Вместо ответа, слышу лишь грустный звук рыданий. Не зная больше, что сказать, я обещаю ей вернуться завтра, чтобы узнать, что она решила, потому что ей абсолютно необходимо принять какое-то решение. Я спустился по той же лестнице и, дав еще один луи крестьянке, сказал, что вернусь завтра, но она должна найти способ мне войти через дверь, и что она должна удвоить дозу опиума, что дала послушнице.
Я отправился спать, весьма довольный в глубине души, что ошибся, решив, что эта монахиня может быть моей дорогой М.М.; но, увидев ее столь похожей, мне стало очень любопытно рассмотреть ее поближе. Я был уверен, что она доставит мне это удовольствие завтра. Я смеялся над поцелуями, которыми осыпал ее. Тайное предчувствие мне говорило, что я буду ей полезен.

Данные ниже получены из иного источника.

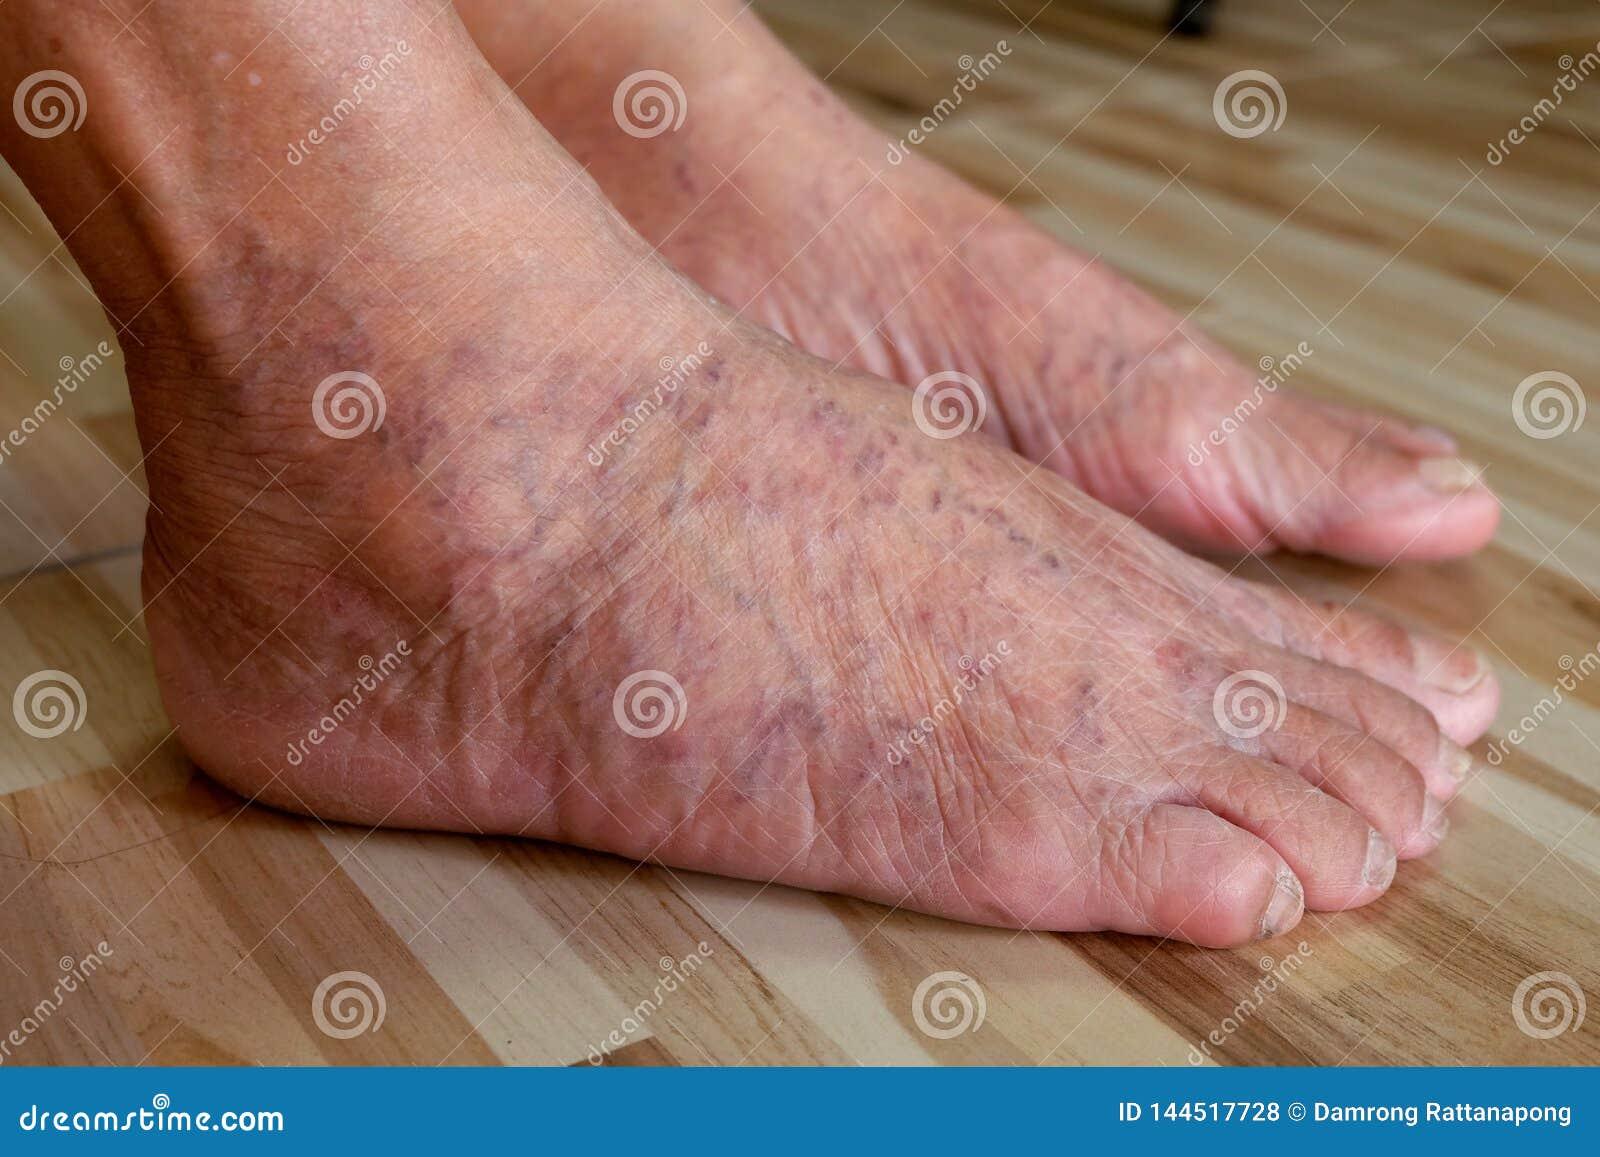 varicose foot woman fotografii)
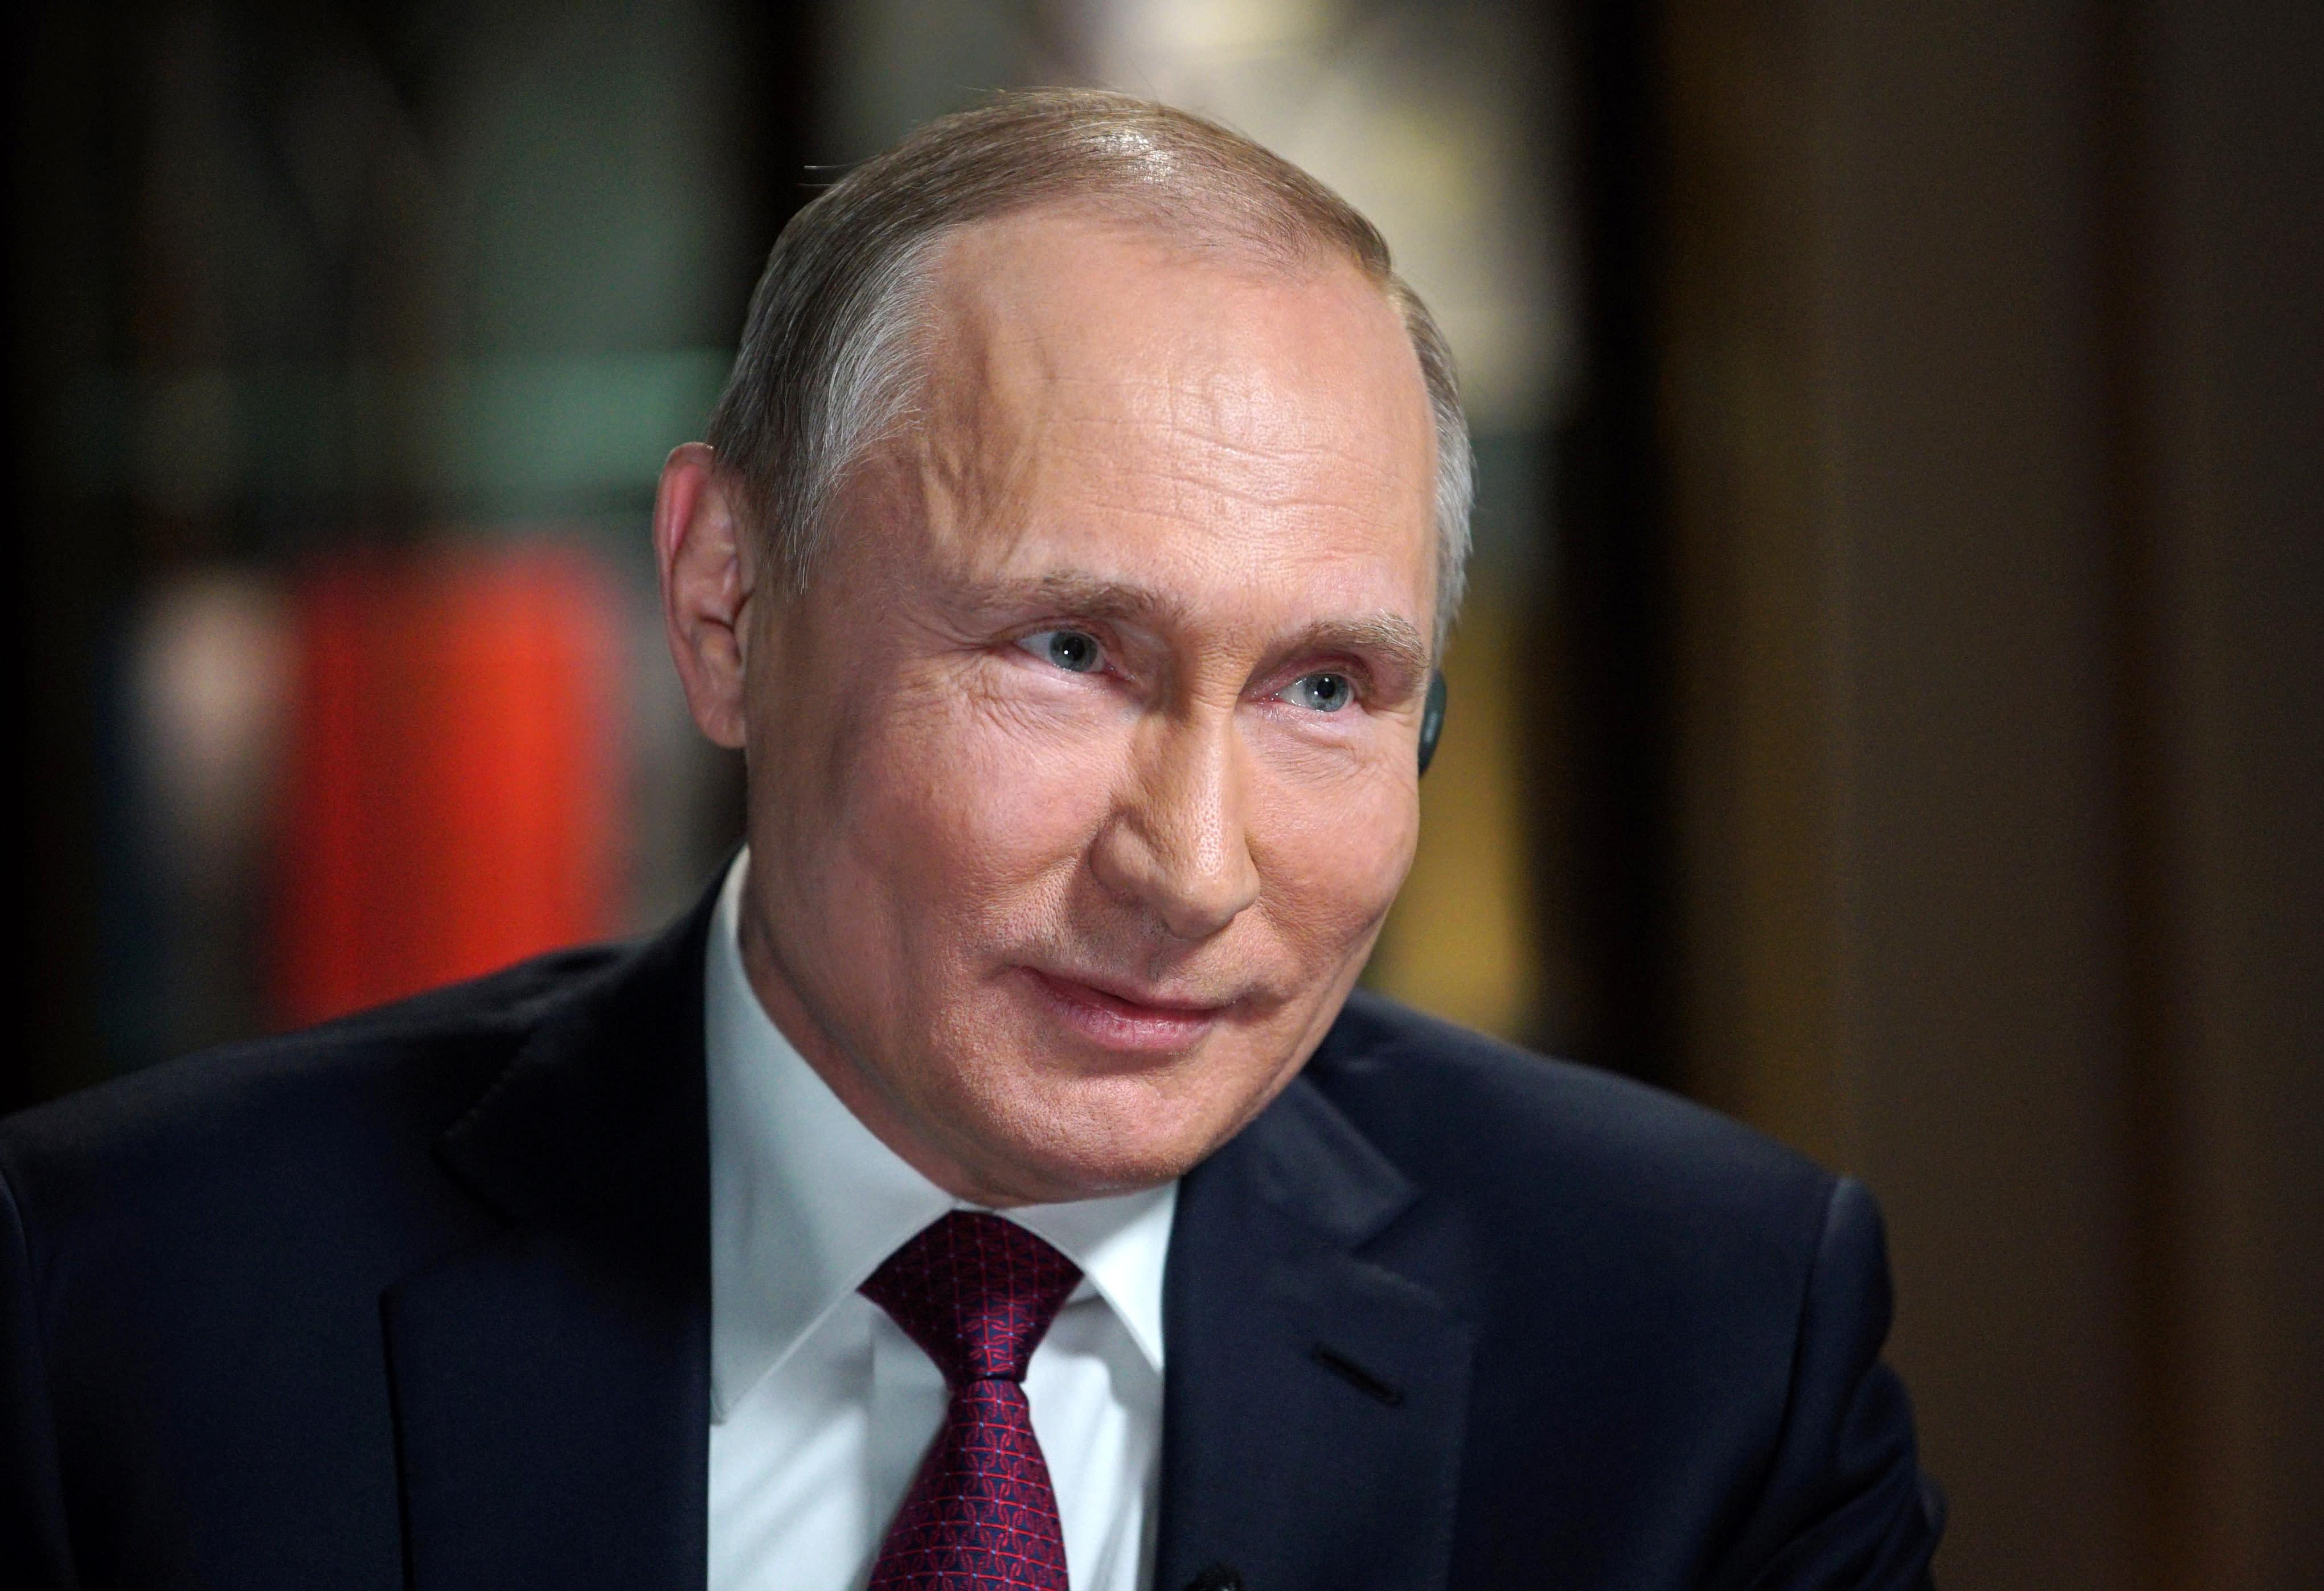 Russia Expels 60 U.S. Diplomats in Tit-for-Tat Retaliation

Я чувствовал, что, во всяком случае, я не могу ее покинуть, и я радовался, что, делая доброе дело, я не охвачен чувствами, потому что, как только я узнал, что это не М.М. я расточал свои поцелуи, они для меня стали как выброшенные напрасно. Мне даже не пришла в голову мысль обнять ее на прощание.
Дезармуаз сказал мне утром, что вся компания, не видя меня за ужином, сломала к чертям голову, гадая, куда я мог подеваться. М-м Z воздавала самые большие хвалы моей персоне, геройски выступая против насмешек двух других дам, хвалясь, что может заставить меня остаться в Эксе столько, сколько она будет там сама.
Я был этим действительно заинтересован, и мне было бы досадно покинуть это место, не познакомившись с ней, как следует, хотя бы разок.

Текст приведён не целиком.